The supply of aircraft, related parts or training to North Korea is a violation of UN Security Council Resolution 1718. The New Zealand customs department is also investigating whether rules were broken.
Pacific Aerospace did not respond immediately to a request for comment from Fox News.
Complicating efforts to exert economic pressure on North Korean leader Kim Jong Un are recent economic reforms his regime has implemented.
Some North Korean farmers are now allowed to a keep a percentage of what they produce rather than give it all over to inefficient state-run enterprises for redistribution. Experts believe the policy change could mitigate the effects of North Korea’s frequent drought-induced food crises, which have forced Pyongyang to turn to the international community for help in the past.
The number of government-approved markets in North Korea has doubled to 440 since 2010. According to a study by the Korea Institute for National Unification in Seoul, these markets employ about 1 million people as salesmen or managers, out of a population of 25 million.
The former head of South Korea’s intelligence service told lawmakers earlier this year that about 40 percent of North Korea’s population now works in some form of private enterprise. At the same time, wages have apparently risen, along with living standards.
More cars are said to be clogging Pyongyang streets, and diplomats report a denser skyline from just a few years ago.
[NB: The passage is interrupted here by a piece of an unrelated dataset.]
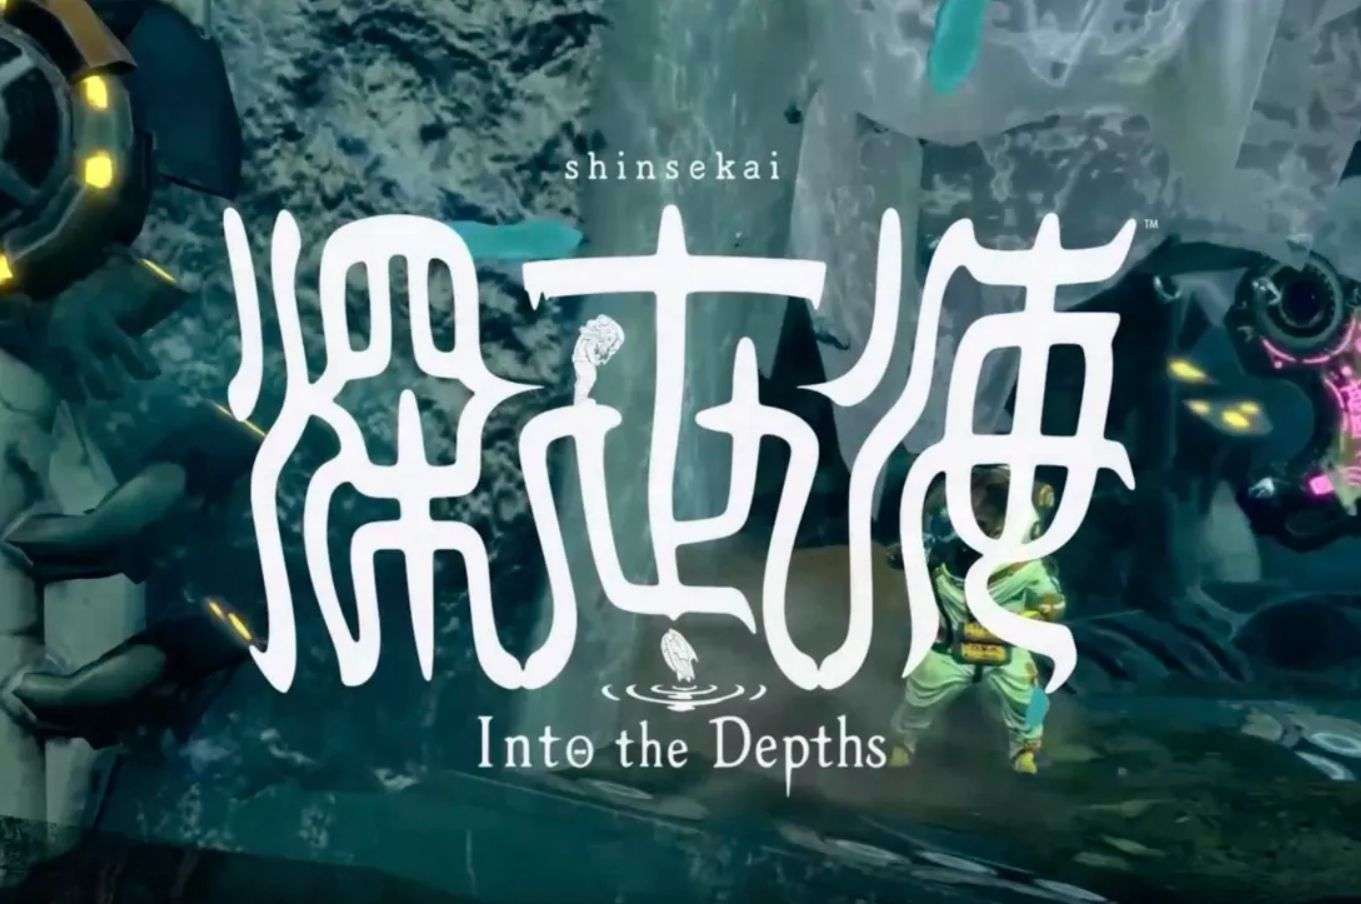 Shinsekai: Into the Depths

The elites are reportedly shopping on Amazon.com and enjoying a new ski resort and luxury hotel near the capital.
“North Korea has gone from a very tightly controlled state socialist economy to basically a marketizing economy,” Sokeel Park of Liberty in North Korea told the Financial Times last month.
With the North’s economy showing signs of resilient growth helped along by persistent Chinese trade, President Trump tweeted his frustration over the weekend after the latest North Korean missile test.
"I am very disappointed in China," Trump wrote, "...they do NOTHING for us with North Korea, just talk. We will no longer allow this to continue. China could easily solve this problem!"
That tweet came as US Air Force B-1B bombers flew over the peninsula, in the latest Trump administration effort to show that the sanctions are indeed backed up by a potential military deterrent.